> **What you will do**: Reproduce the data that follows character for character, but omit its pictures.

> **Recorded information**:
[Start of section]

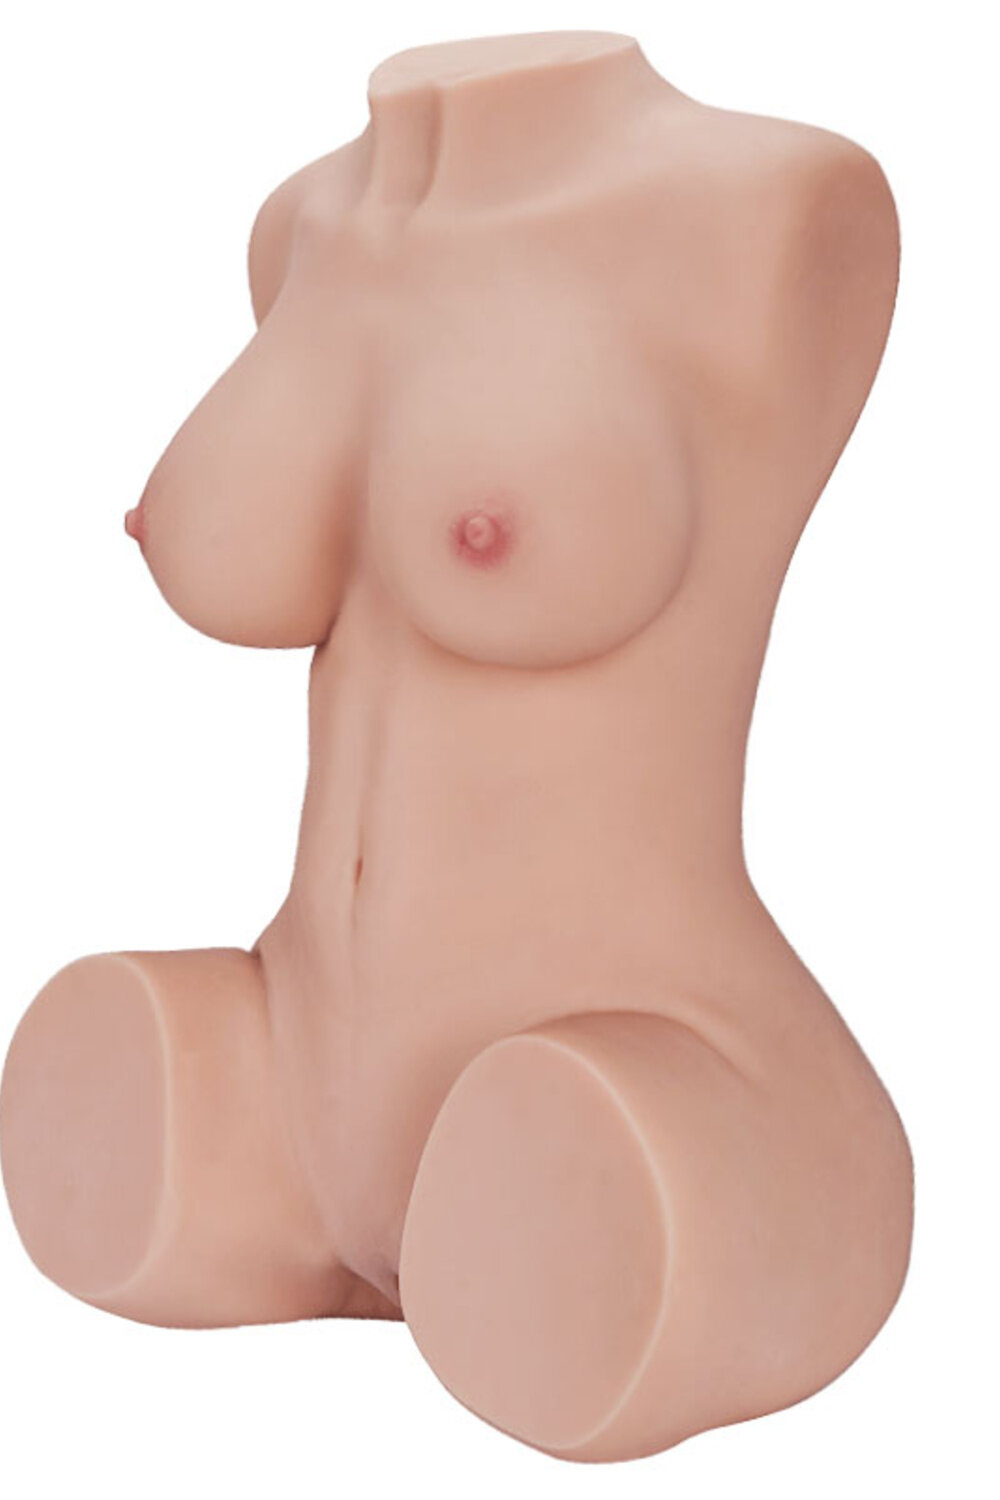 Maleigha 58cm(1ft11) H-Cup Tantaly Real Sex Doll (In Stock) image7
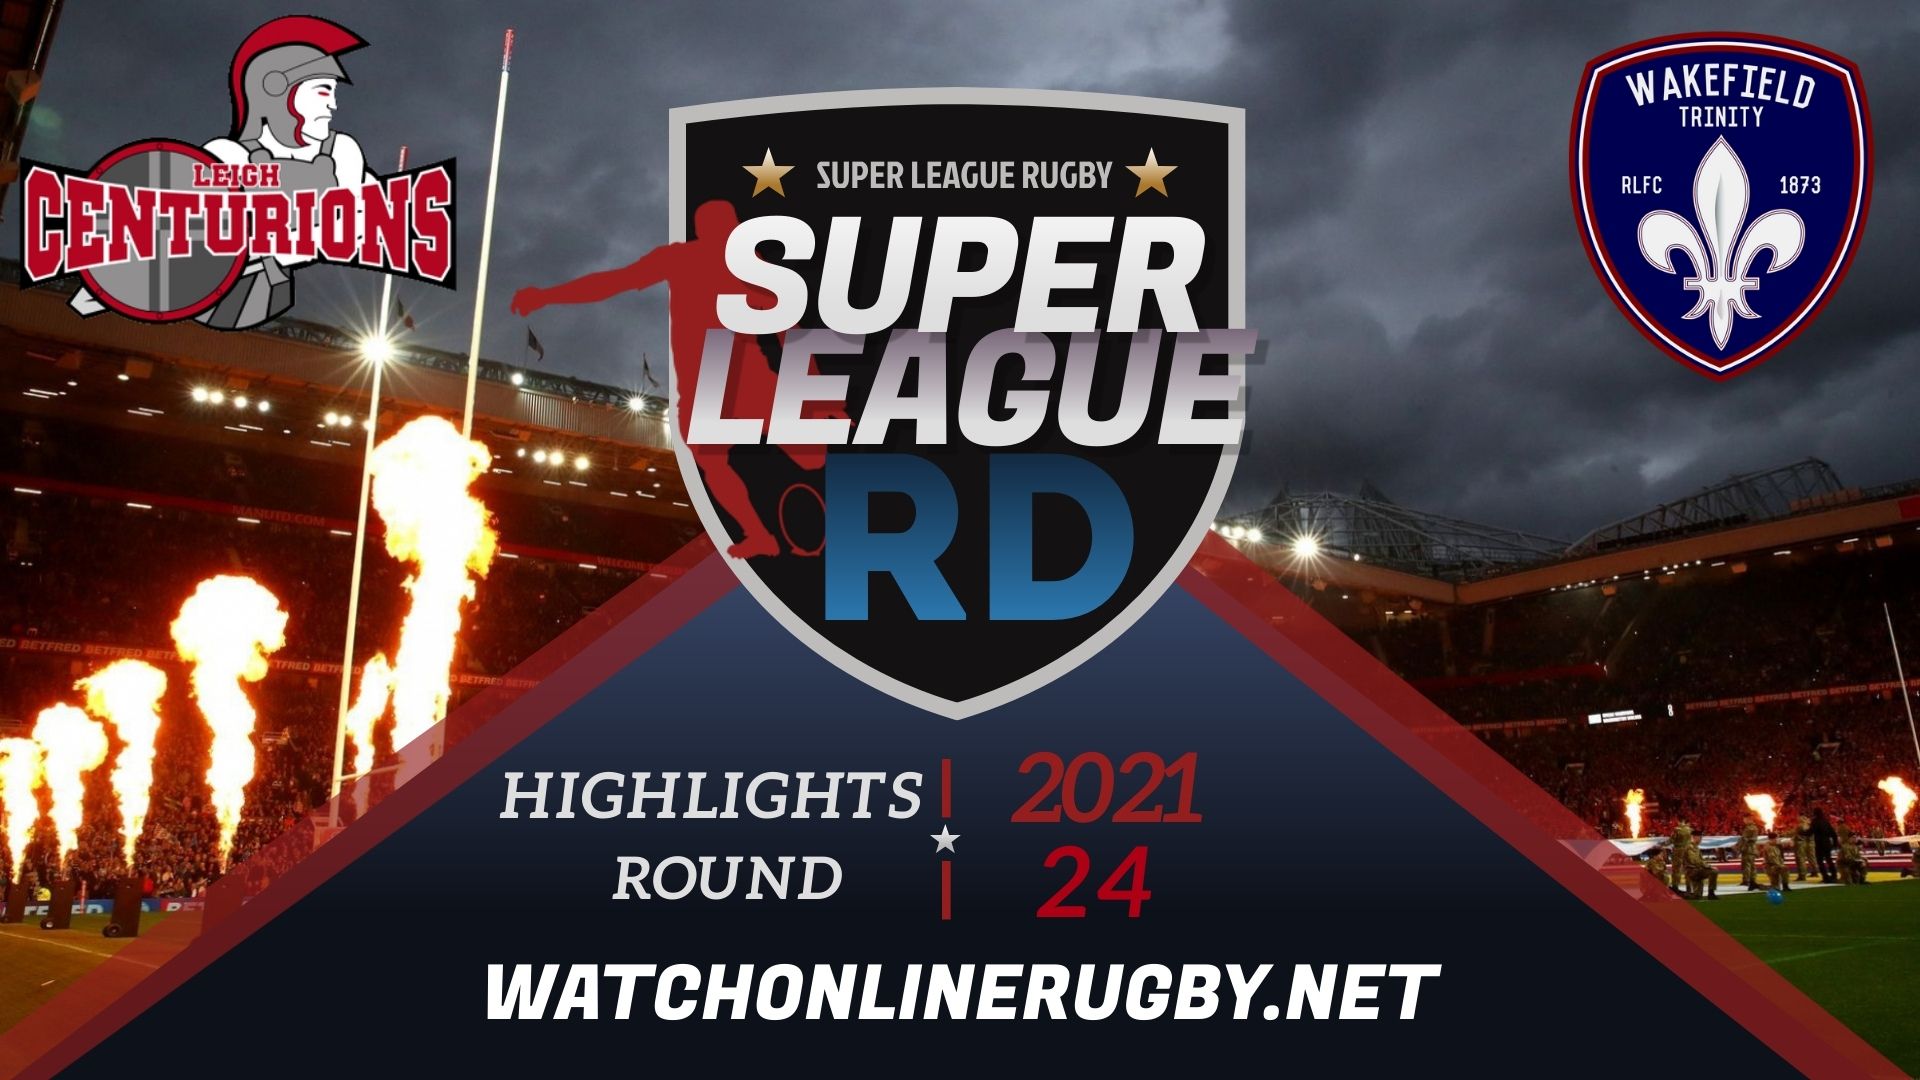 Leigh Centurions Vs Wakefield Trinity Super League Rugby 2021 RD 24
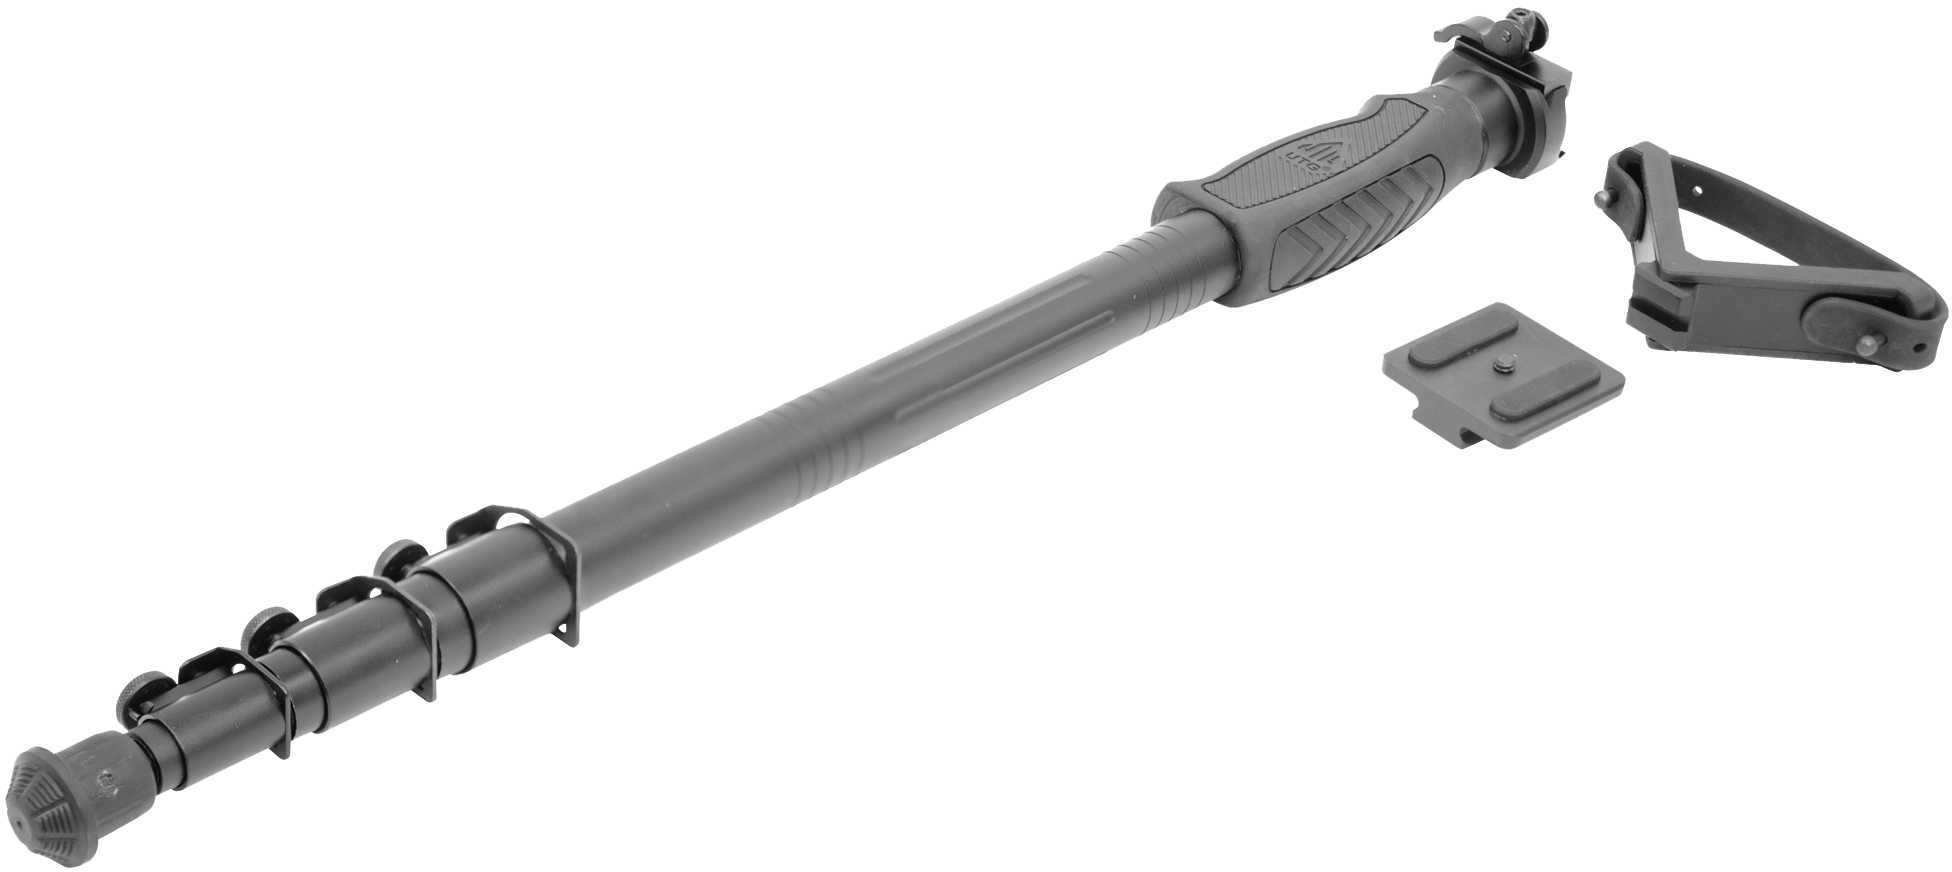 Leapers, Inc. Monopod With V-Rest And Camera Adaptor Md: Tl-MP150Q

[End of section]

> **Task response**:
 Maleigha 58cm(1ft11) H-Cup Tantaly Real Sex Doll (In Stock) image7
 Leigh Centurions Vs Wakefield Trinity Super League Rugby 2021 RD 24
 Leapers, Inc. Monopod With V-Rest And Camera Adaptor Md: Tl-MP150Q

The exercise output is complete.